Washington. Am zweiten Tag ihres Nominierungsparteitags haben die US-Republikaner vor einem Wahlsieg der Demokraten gewarnt und deren Präsidentschaftskandidaten Joe Biden als gefährlichen Kriegstreiber und als Marionette der radikalen Linken dargestellt. Eine Rednerin verzichtete allerdings auf Angriffe gegen den Konkurrenten von Präsident Donald Trump: seine Ehefrau und First Lady Melania Trump.

„Mein Ehemann, unsere Familie und die Menschen in dieser Regierung kämpfen für Sie“, versicherte First Lady Melania Trump am Dienstagabend (Ortszeit) in ihrer Ansprache im Rosengarten des Weißen Hauses stattdessen. „Er liebt dieses Land und weiß, wie man etwas erreichen kann.“ Melania Trump betonte: „Ich glaube, dass wir jetzt mehr denn je die Führung meines Ehemannes brauchen.“

Trump-Sohn bei Parteitagsrede: „Mein Vater wird für euch kämpfen“

Umso schärfer teilte Präsidentensohn Eric Trump gegen Biden aus.

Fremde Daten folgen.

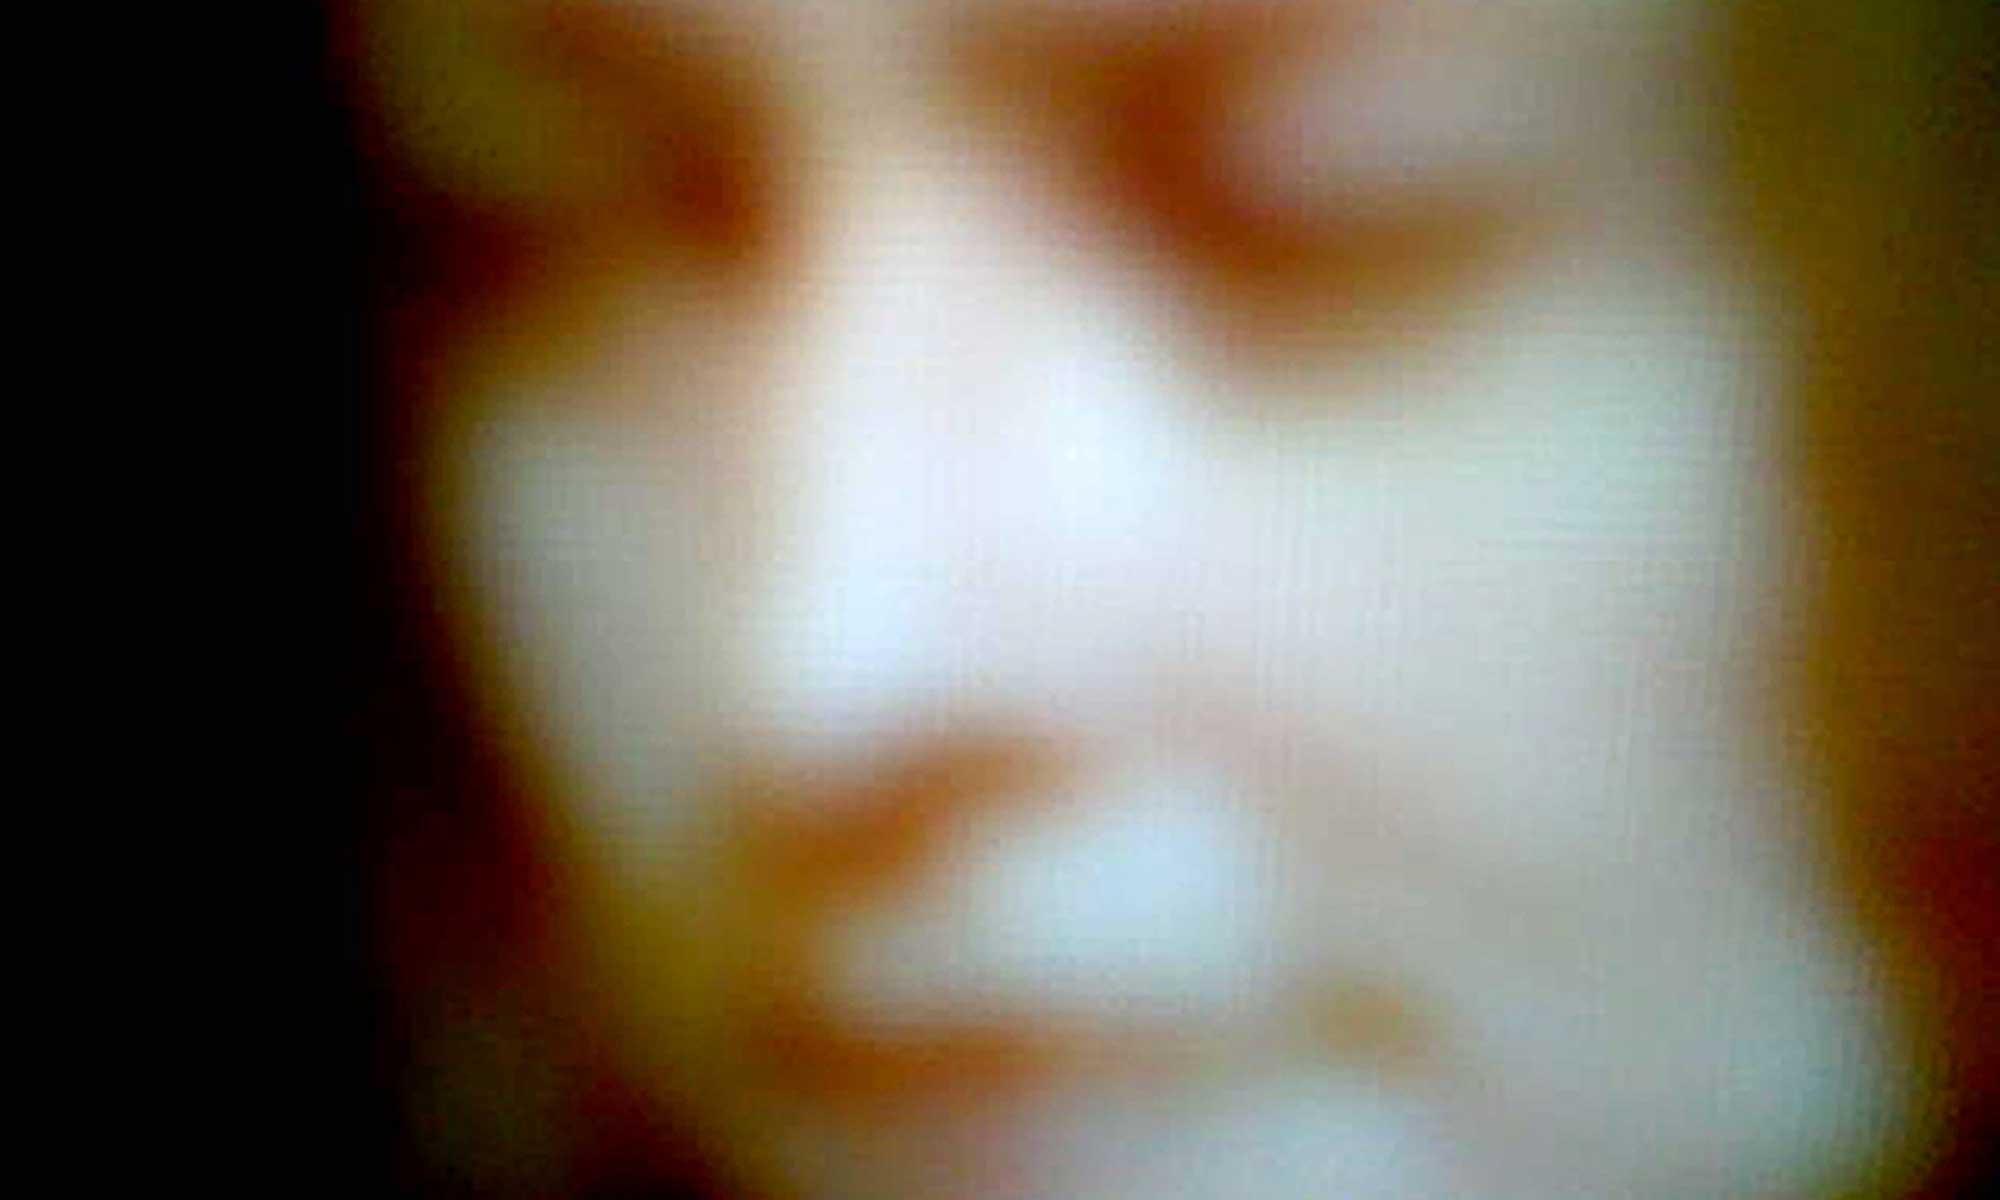 Cecilia Dougherty
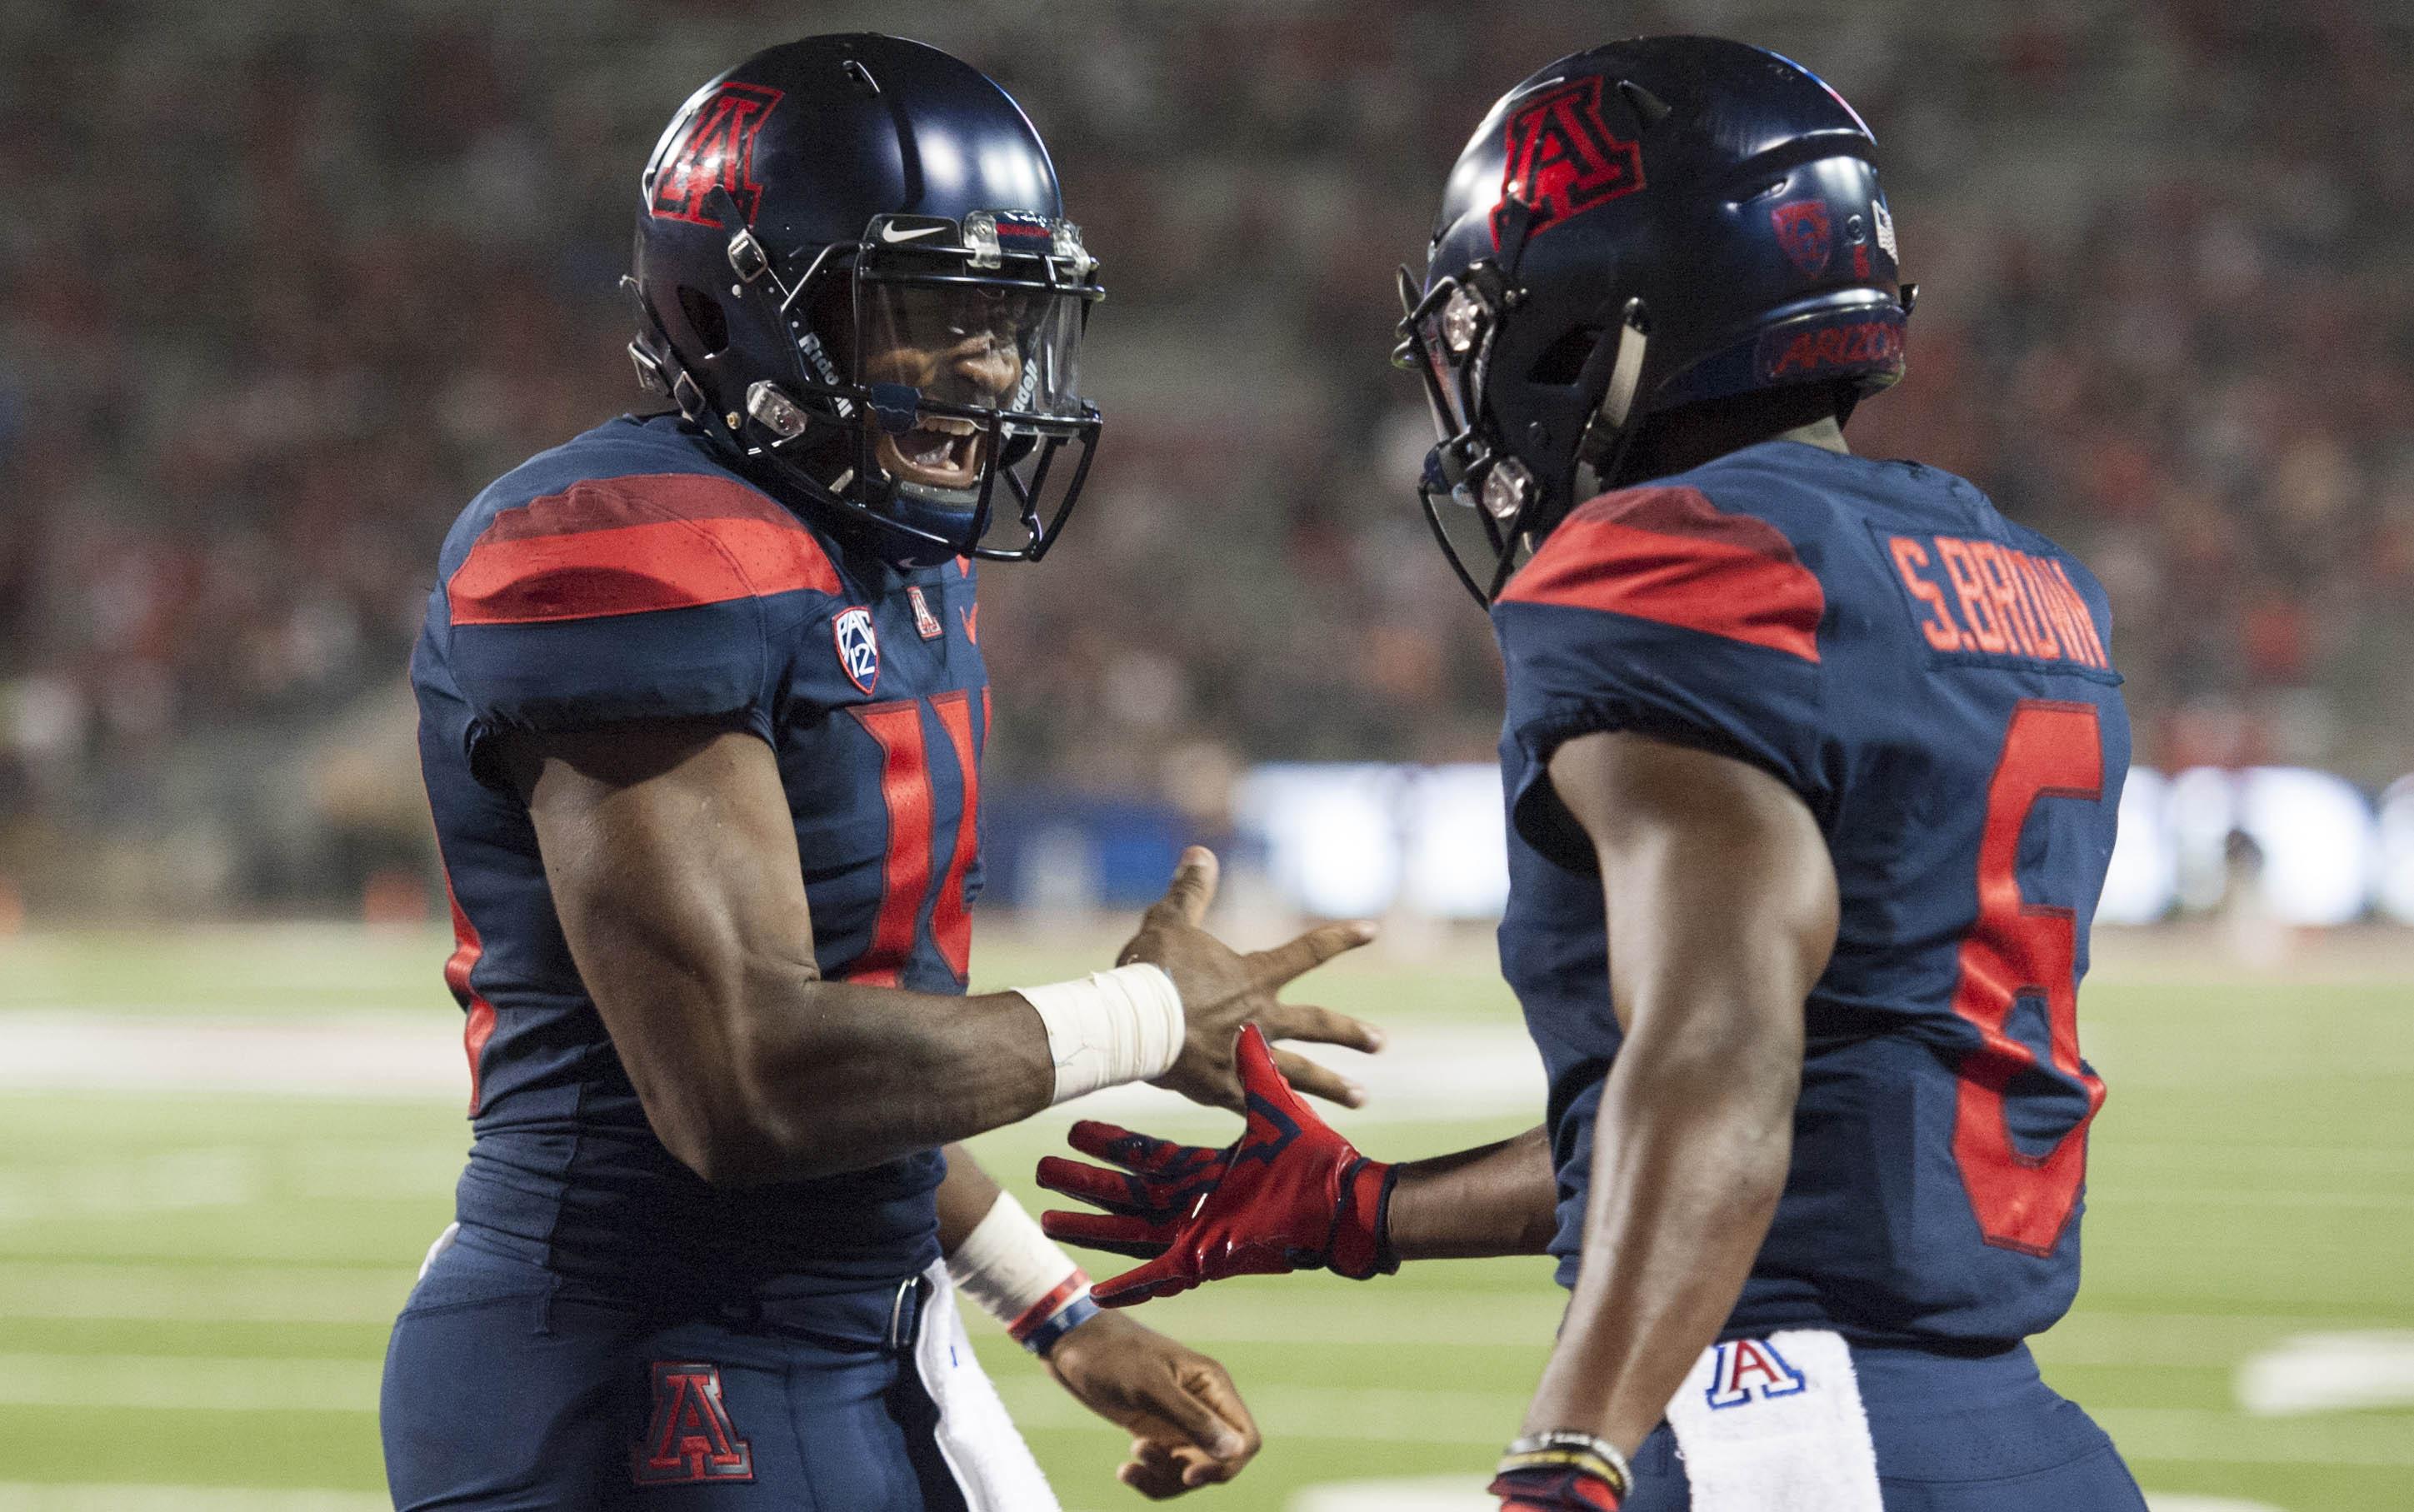 NCAA Football: Southern Utah at Arizona

Biden werde von den radikalen Linken gesteuert. Amerika habe aber den Faschismus und den Kommunismus besiegt. Bei der Wahl am 3. November werde es „die leeren, repressiven und radikalen Ansichten der extremen Linken besiegen“.

Er versprach: „Mein Vater wird für euch kämpfen.“ Vor seinem Vater habe sich niemand für die „stille Mehrheit“ im Land eingesetzt, sagte Eric Trump. Politiker sowohl der Demokraten als auch der Republikaner vor Trump hätten sich „mehr darum gesorgt, wie sie von den Eliten in Paris empfangen werden als darüber, wie Amerikaner für ihre Familien in Pittsburgh sorgen werden“. Lesen Sie hier: Wie sich der Trump-Clan beim Parteitag selbst feierte

In seiner Rede warnte auch Senator Rand Paul vor dem Trump-Konkurrenten Biden. Dieser habe „durchweg mehr Kriege gefordert“, sagte er beim Parteitag. Biden habe für den Krieg im Irak gestimmt und „Kriege in Serbien, Syrien, Libyen“ unterstützt. „Ich befürchte, Biden wird sich wieder für Krieg entscheiden“, sagte Paul. Mehr dazu: Trumps Republikaner schüren Angst vor Sieg von Joe Biden

Eric Trump verdreht die Wahrheit: Vater Donald habe die „endlosen Kriege“ beendet

„Biden wird weiterhin unser Blut und unsere Reichtümer vergeuden. Präsident Trump wird unsere Helden nach Hause bringen.“ Eric Trump sagte, sein Vater habe wie versprochen die „endlosen Kriege“ beendet. Offenbar leidet der Trump-Sohn genau wie sein Vater an einer verzerrten Wahrnehmung. Denn dass Trump Kriege beendet habe, trifft weder in Afghanistan noch im Irak oder in Syrien zu.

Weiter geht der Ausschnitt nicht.